Labor Force and Employment Outlook
Among Ohio's 10 largest cities, Columbus is the only one whose population increased in the 1990s, and this trend continues in the 2000s. Eighty-three percent of the population over age 25 are high school graduates and 29 percent have college degrees; 71 percent of the population over the age of 16 is in the labor force. While the region has a more desirable workforce than most of the nation, the increase in average age is causing some concern. The Chamber of Commerce has launched several projects to give businesses the tools to compete in such a market.

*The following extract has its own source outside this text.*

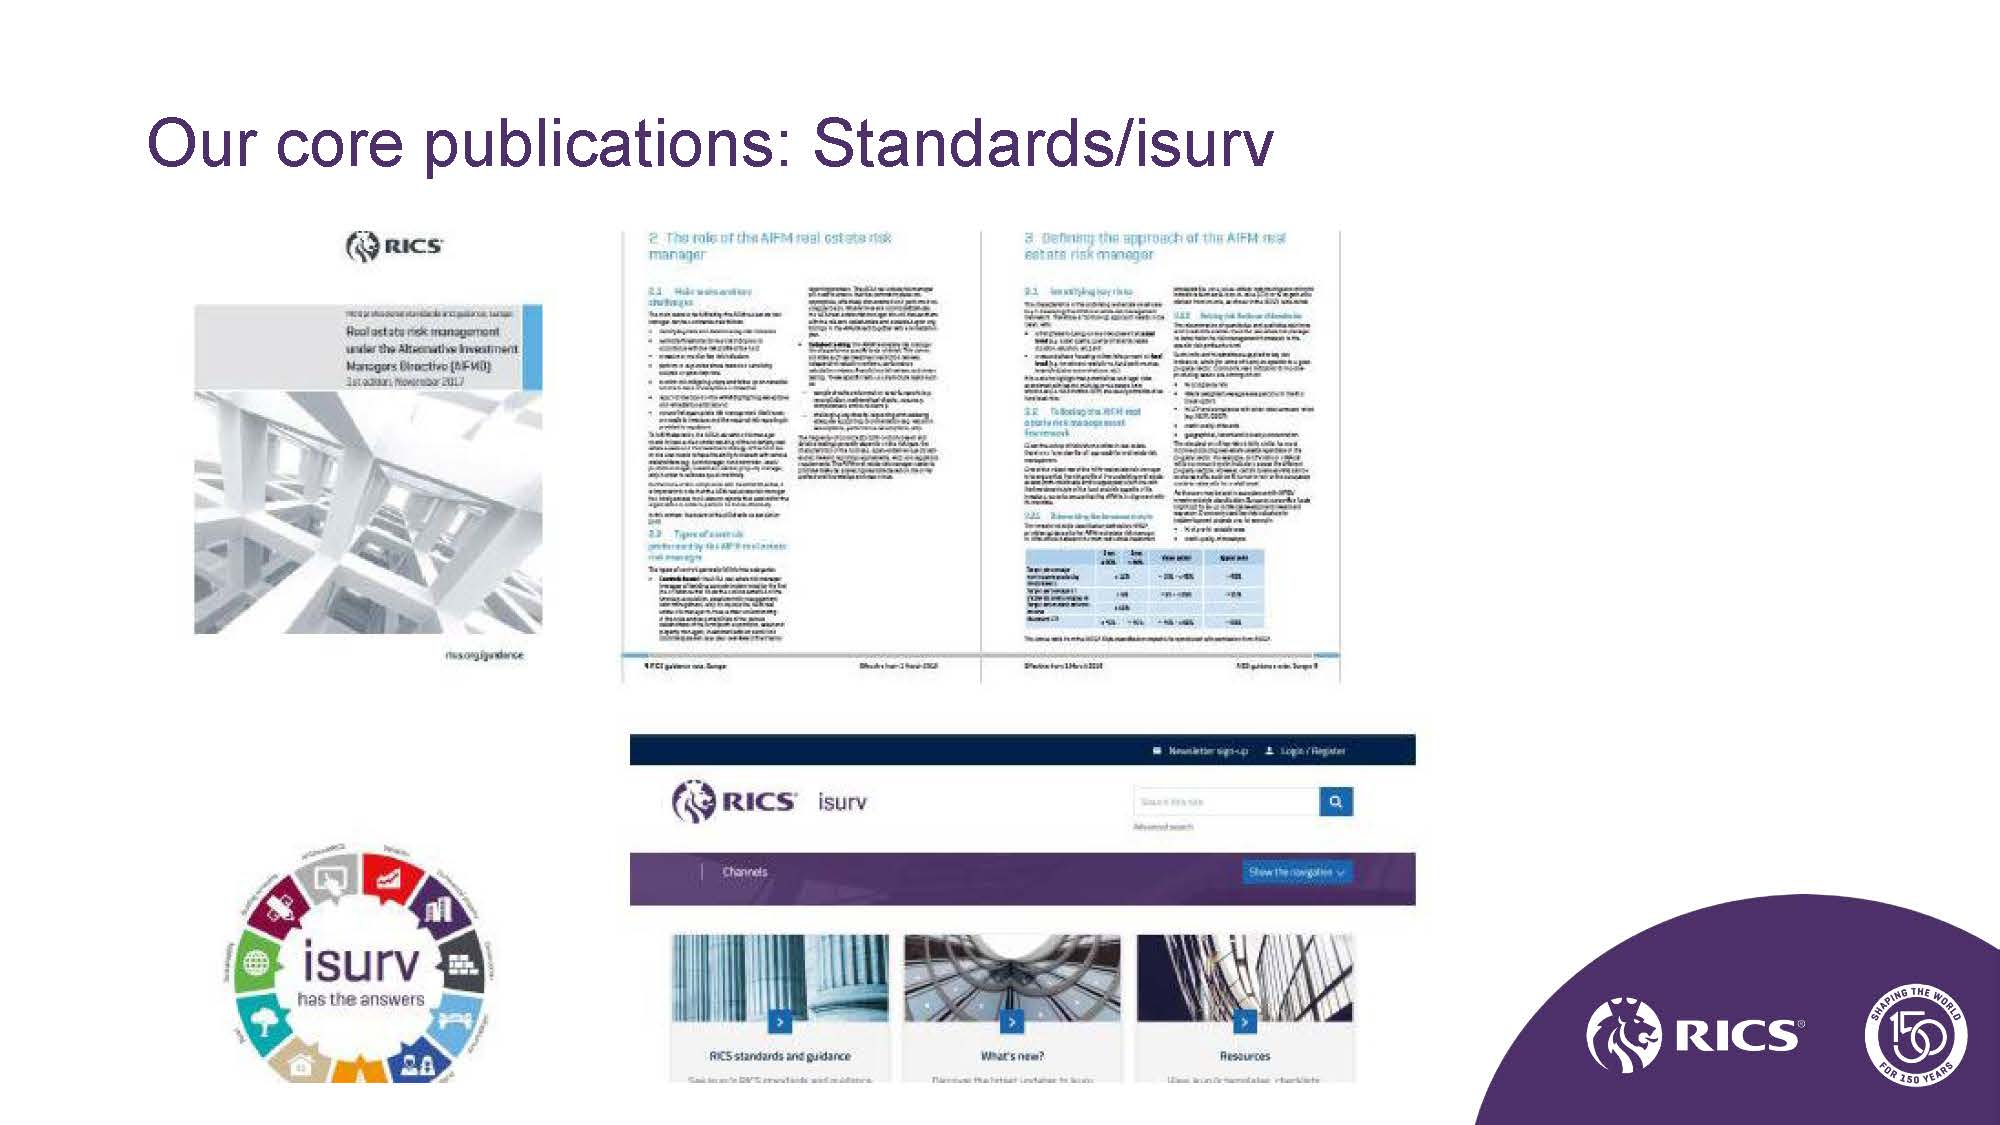 Slide with screenshots of a cover and internal spread from a RICS standard, including images, titles, text, bullet points and a table. The slide also contains a screenshot of the isurv online interface, and a logo that says ‘isurv has the answers’.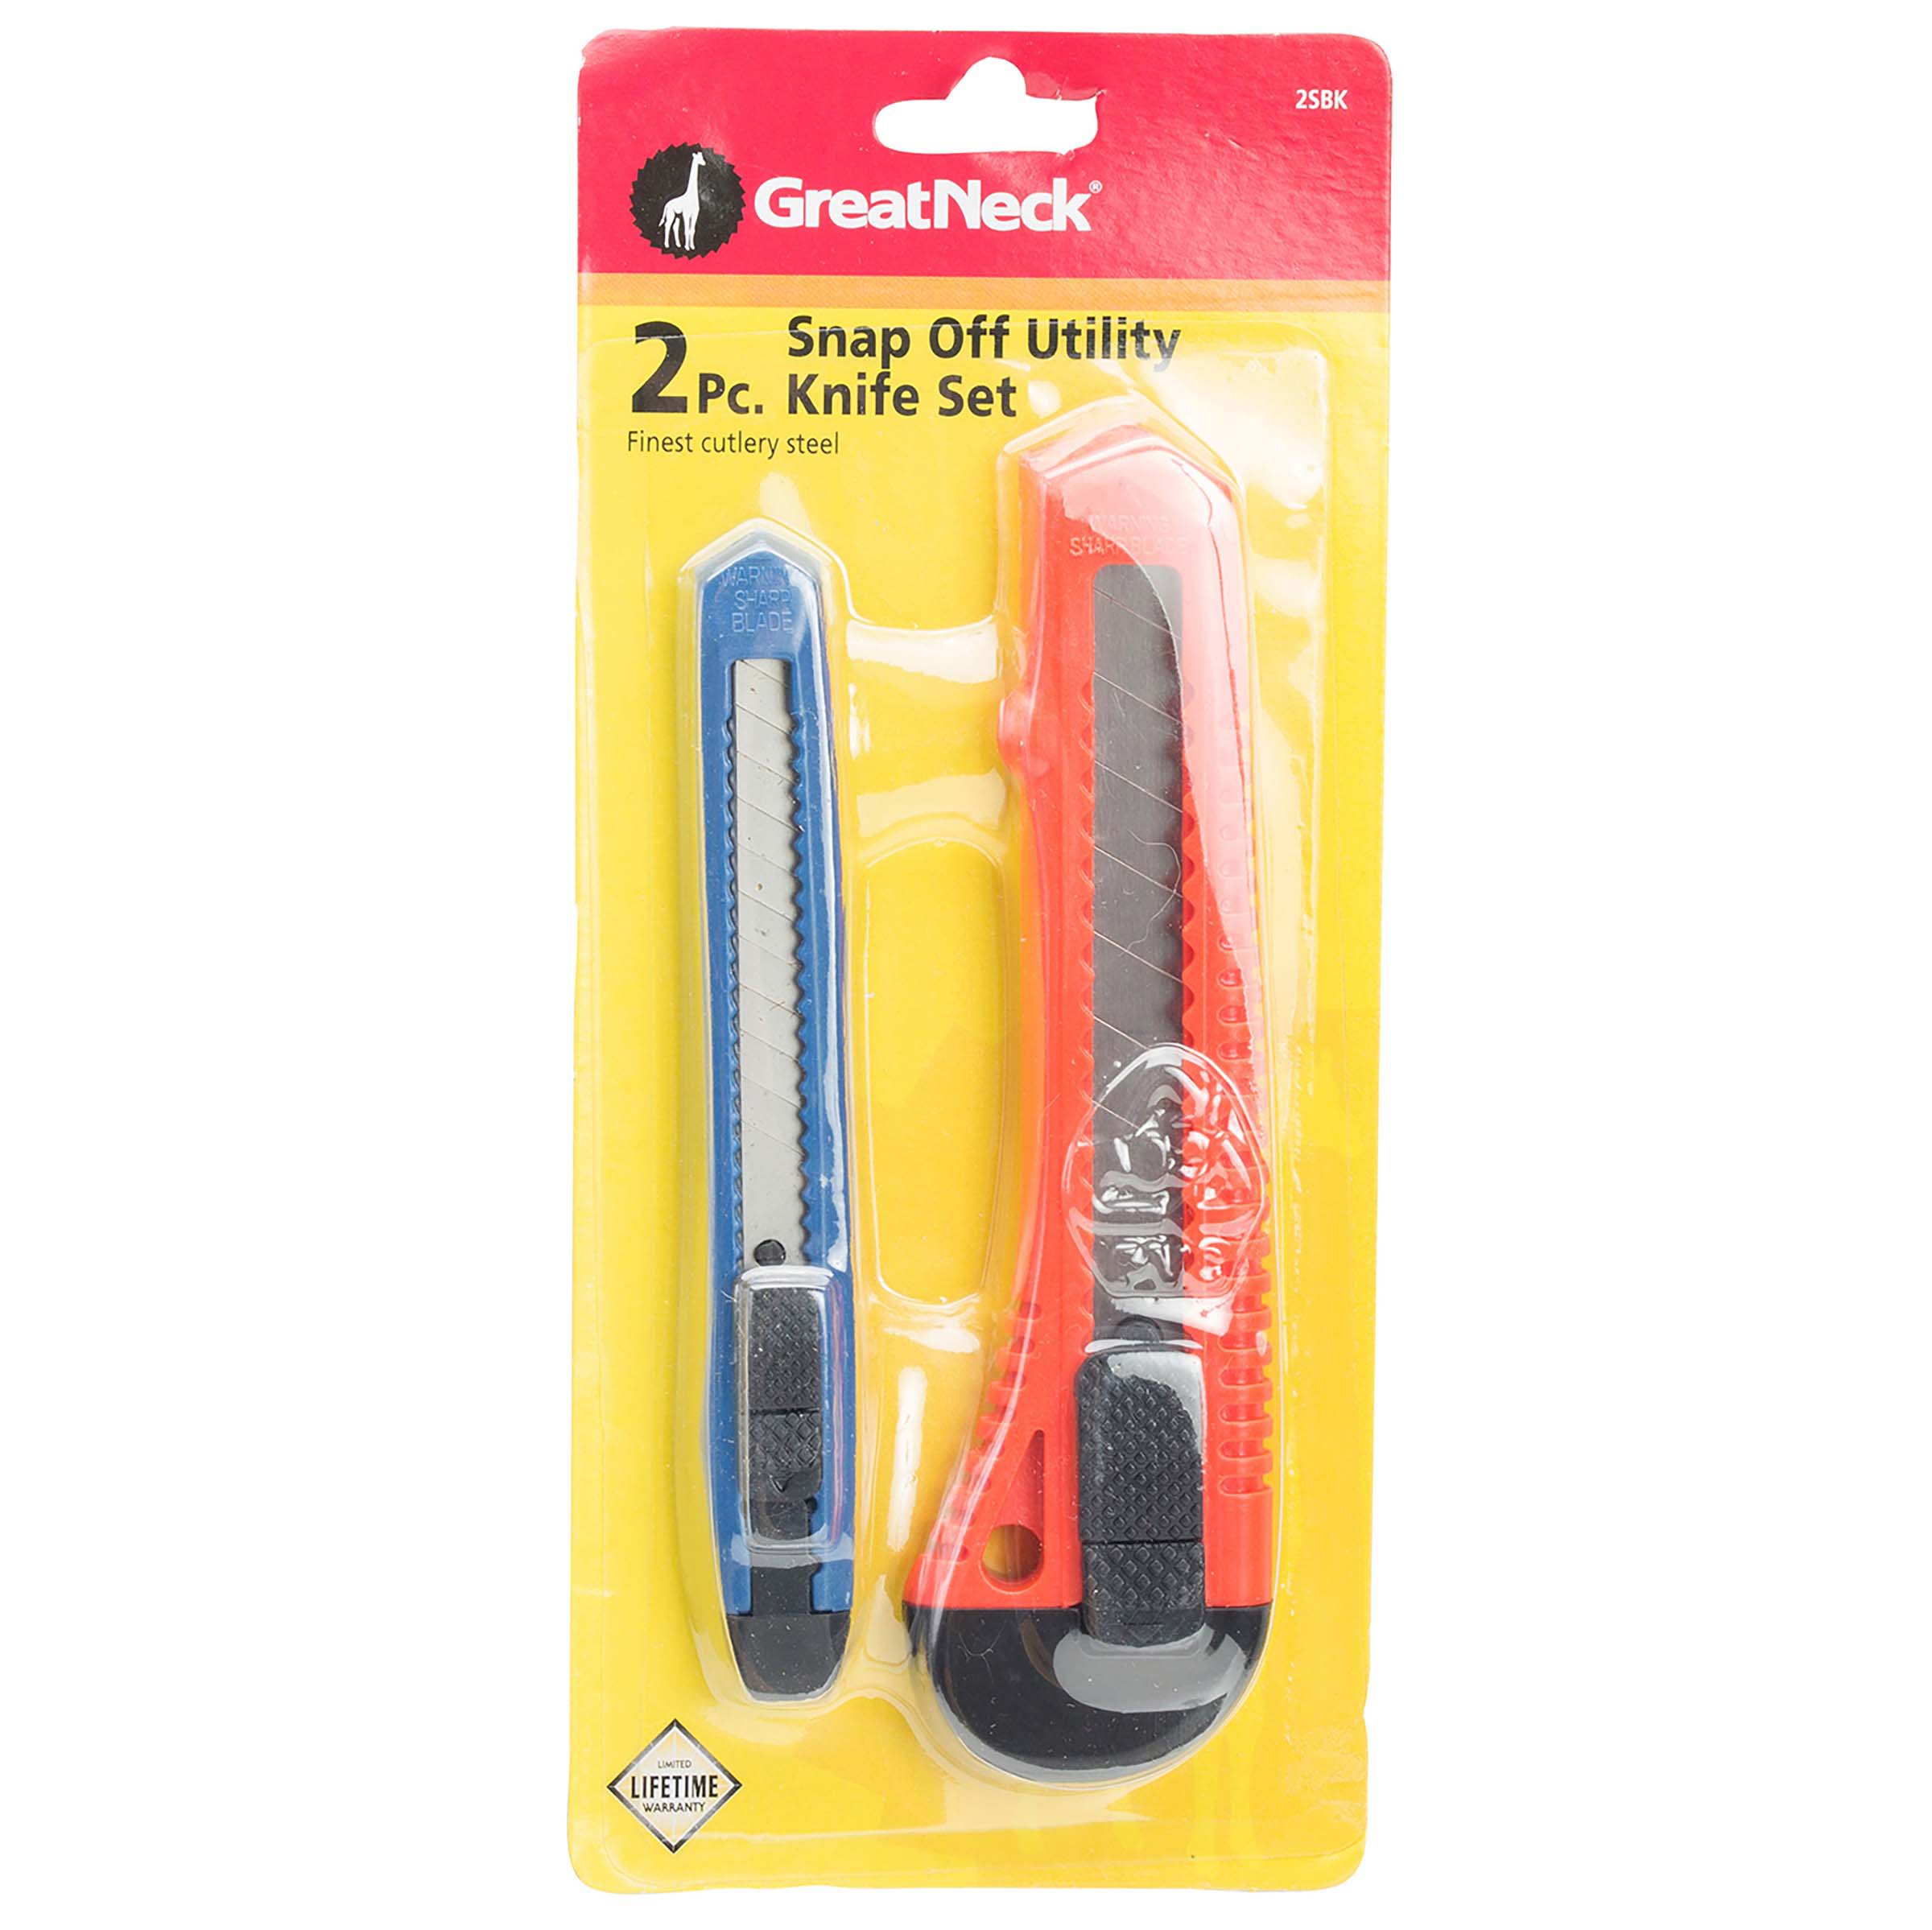 Great Neck Snap Off Utility Knife Set - Shop Hand Tools at H-E-B

Traditional economic mainstays such as government, the Ohio State University, corporate headquarters, and large financial institutions continue to lend stability to the local economy. The Columbus area has lost manufacturing jobs in the last decade but has added positions in services to create a net gain in jobs overall.
The following is a summary of data regarding the Columbus metropolitan area labor force, 2004 annual averages.
Size of non-agricultural labor force: 922,616
Number of workers employed in . . .
construction and mining: 40,900
trade, transportation, and utilities: 183,900
financial activities: 74,500
professional and business services: 132,800
educational and health services: 100,700
leisure, hospitality, and other services: 125,400
Average hourly earnings of production workers employed in manufacturing: $18.80
Unemployment rate: 6.3% (February 2005)
Cost of Living
The following is a summary of data regarding several key cost of living factors in the Columbus area.
2004 (3rd Quarter) ACCRA Average House Price: $257,430
2004 (3rd Quarter) ACCRA Cost of Living Index: 101.7 (U.S. average = 100.0)
State income tax rate: Ranges from 0.743% to 7.5%
State sales tax rate: 5.0% (food and prescription drugs are exempt)
Local income tax rate: 2%
Local sales tax rate: 6.75% (total)
Property tax rate: Taxes on real property are assessed on 35 percent of the property's total market value. Businesses with personal property valued at $10,001 or more must also pay personal property tax in the state of Ohio.